Esta espécie de anfíbios (Alytes obstetricans) tem a peculiaridade de o macho transportar os ovos nas patas traseiras até à sua eclosão. Existe quase só na Península Ibérica (e um pouco no sul de França e Norte de Marrocos). É uma espécie protegida em Portugal.

A população do Campo de Santa Cruz contava, na altura, com umas centenas de indivíduos que utilizavam a linha de água que circundava o campo para se reproduzir e deslocar e as paredes naturais e muros de pedra para «viver». Era uma população viçosa. Uma população que tinha acompanhado os jogos e treinos da Académica.

Esta descoberta, fortuita, não poderia ter calhado em melhor hora.

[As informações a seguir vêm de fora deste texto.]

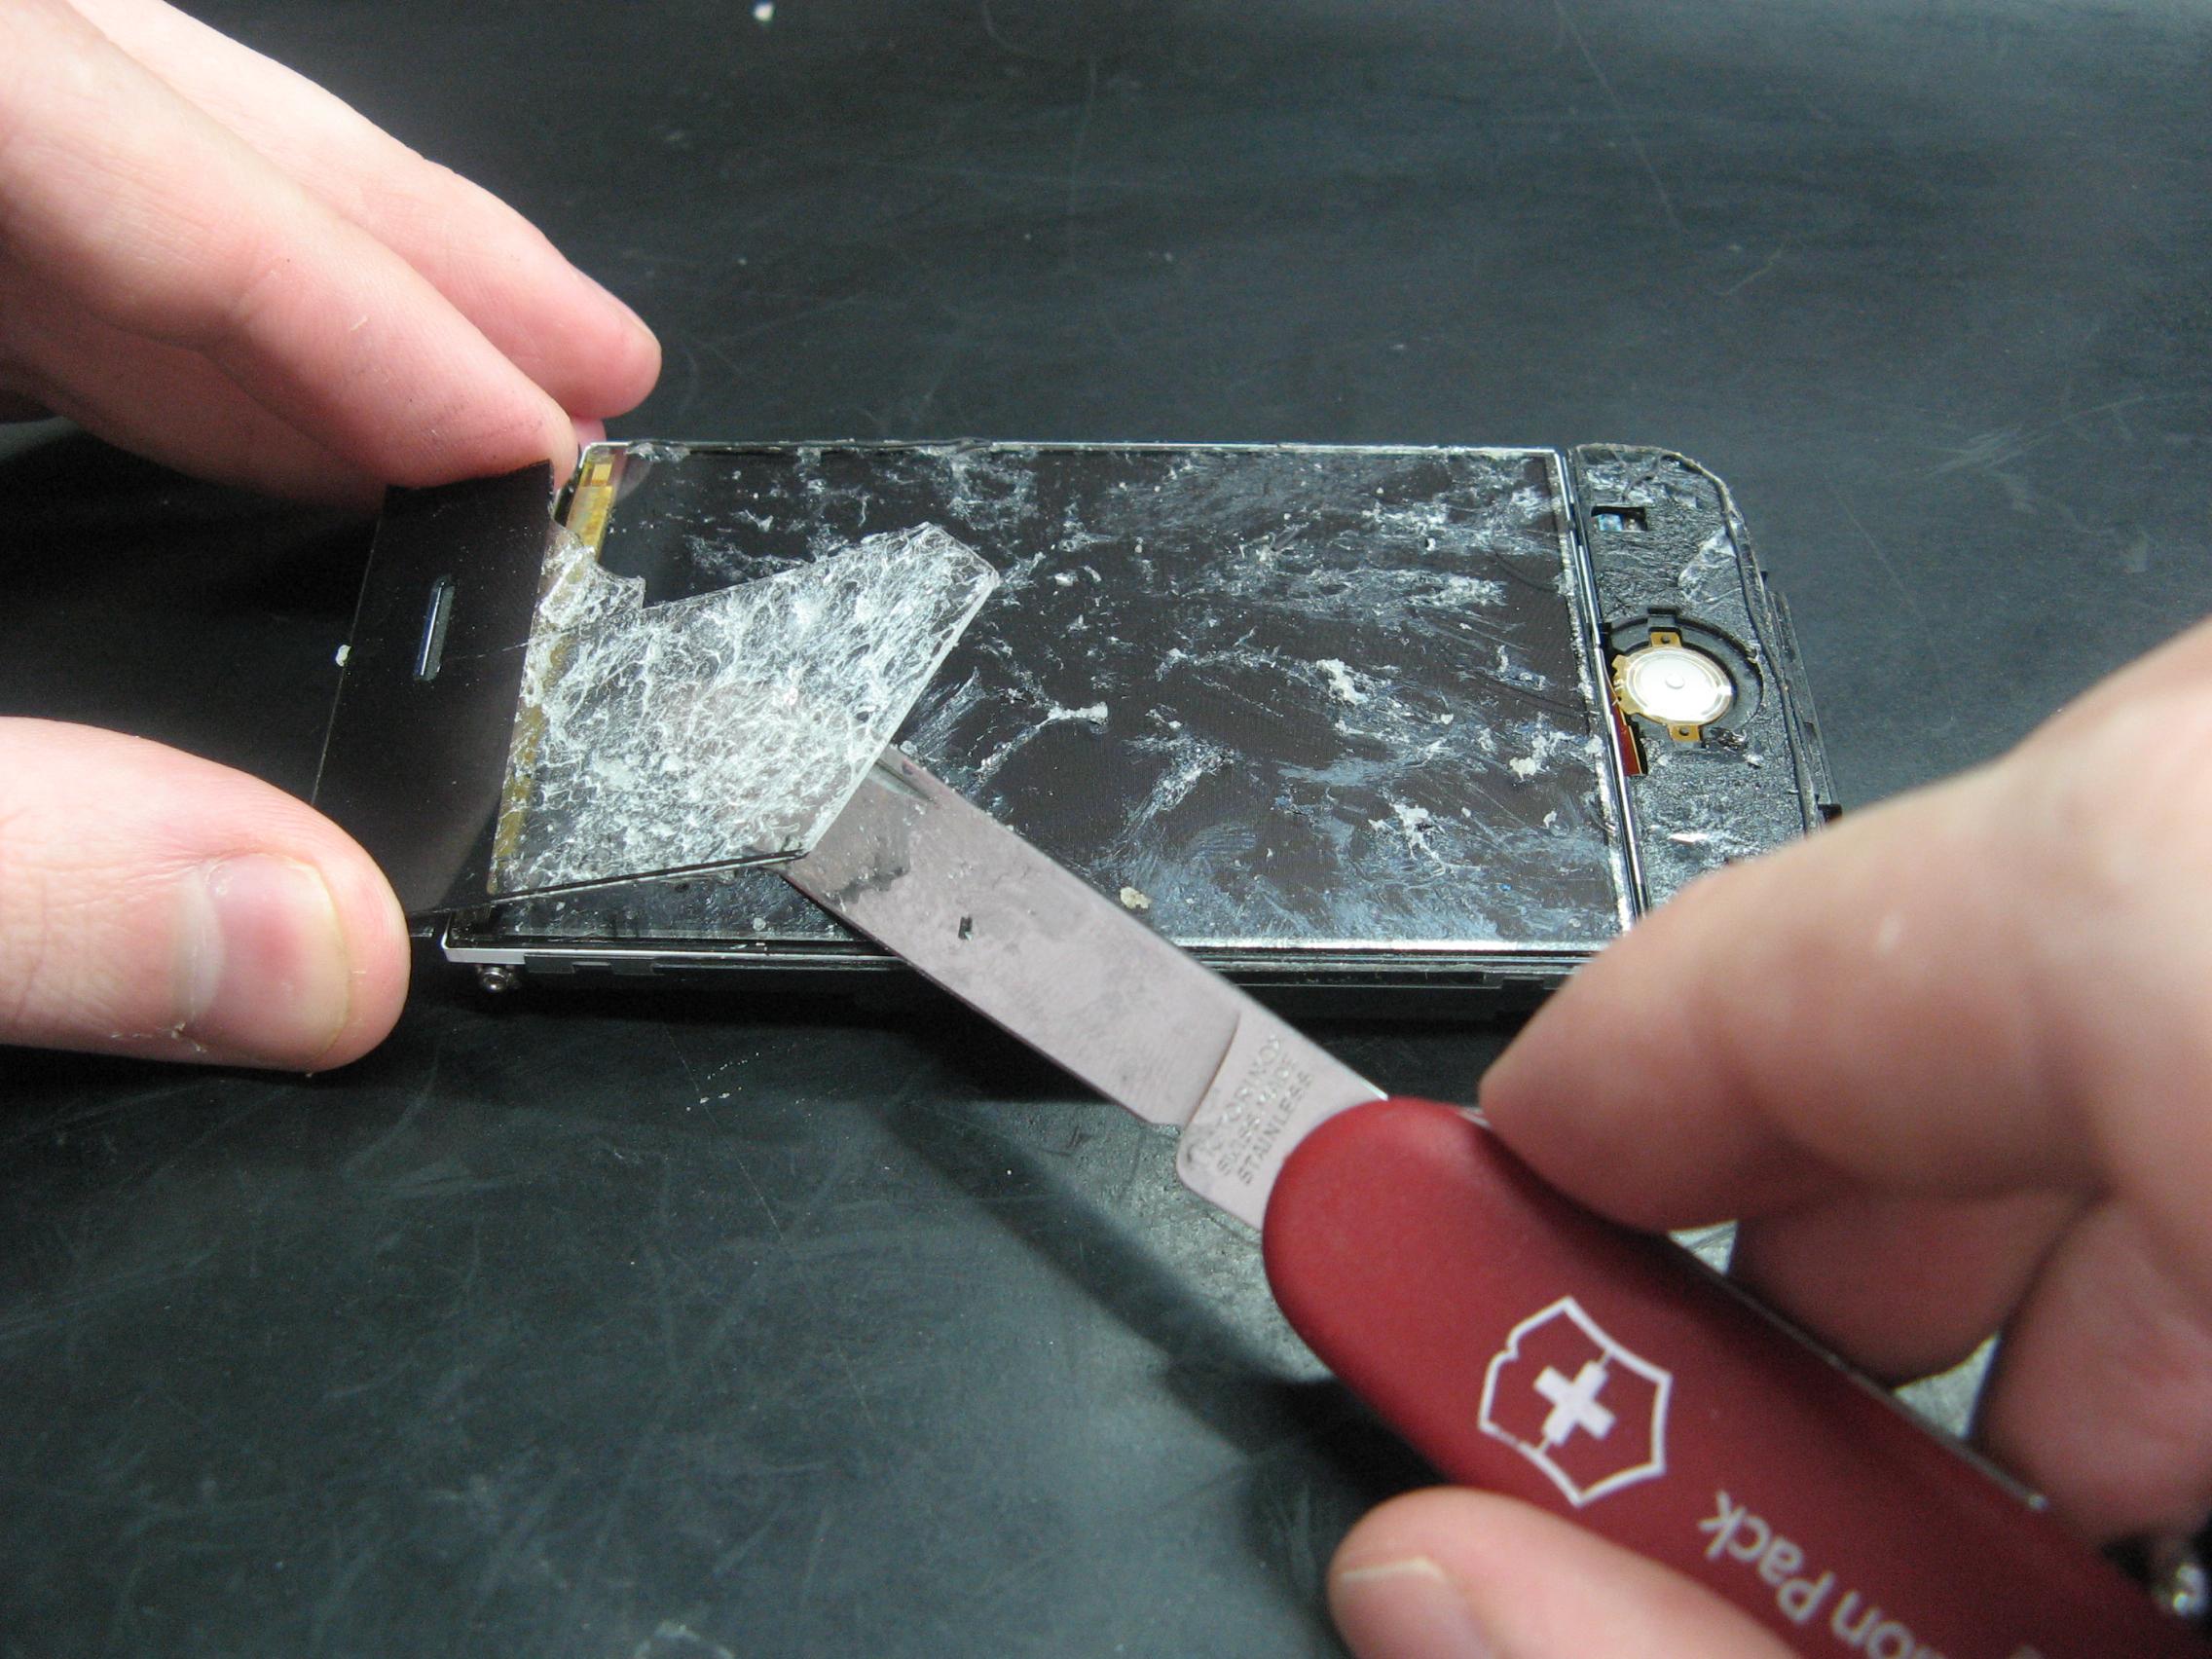 Замена экрана на телефоне своими руками

O Campo de Santa cruz aguardava o início de um projecto de recuperação e remodelação. Estava planeada a substituição do piso de terra batida por relva artificial e, na envolvente, a canalização das valas, remoção da vegetação, fecho da mina e revestimento das vertentes naturais de pedra. Ou seja, seria a destruição total das condições de habitat dos sapos-parteiros. Seria o desaparecimento daquela singular colónia, um exemplo de biodiversidade de ecossistema urbano. Se não tivesse sido descoberta nunca saberíamos que tinha existido…

E é aqui que a decisão das entidades poderia ser má ou poderia ser boa. Poderiam ter encarado como uma chatice a complicar o projecto ou como um desafio para compabilizar o projecto. Ora tratava-se da Universidade de Coimbra e da Associação Académica de Coimbra. Foi com orgulho que vi a minha Alma Mater e a minha Mátria a optarem pela segunda via. O projecto foi adaptado às exigências da espécie. A mina manteve-se aberta, as valas também e com vegetação natural, a parede natural não foi revestida. Parece simples mas não foi, implicou a concertação de necessidades e vontades. Foi criada pela Câmara Municipal, na Sereia, uma área de translocação para os sapos enquanto decorria a obra. Com voluntários grande parte da população de sapos foi re-localizada. A equipa de engenheiros da obra teve o desafio de manter as valas de água activas enquanto a obra decorria para albergar os sapos que «resistiram» a ser «realojados». Tendo os biólogos mantido a monitorização da população.

No final a obra foi inaugurada em 2008, já com os sapos devolvidos à sua remodelada casa.

E a Académica pode continuar a treinar com o apoio da sua claque exclusiva de Sapos-parteiros a aplaudir.

É um exemplo, infelizmente pouco comum, do alinhamento de vontades e acções de várias entidades, desde logo a UC e a Reitoria, AAC, CMC, voluntários, Sociedade Portuguesa de Herpetologia, biólogos, entidades do Estado, ICN e DRAOT.

Todas estas entidades se auto-apoiaram para a compatibilização da função desportiva do Campo com a manutenção da biodiversidade e salvaguarda da natureza, tendo resultado num local com uma identidade própria. De tal forma que, em 2002, o Projecto Alytes recebeu o Prémio Nacional para a Conservação e Ambiente da Fundação Henry Ford.
Sáo de realçar dois nomes, dois envolvidos. O José Miguel Oliveira, biólogo, que descobriu a colónia e criou o projecto e o Eng. Rui Prata, em representação da Reitoria que logo de início transmitiu o objectivo (cito de memória) «Não sei nada dos sapos. Sei que o Magnífico Reitor disse que eram para manter. Portanto adaptem o projecto nesse sentido, são as orientações».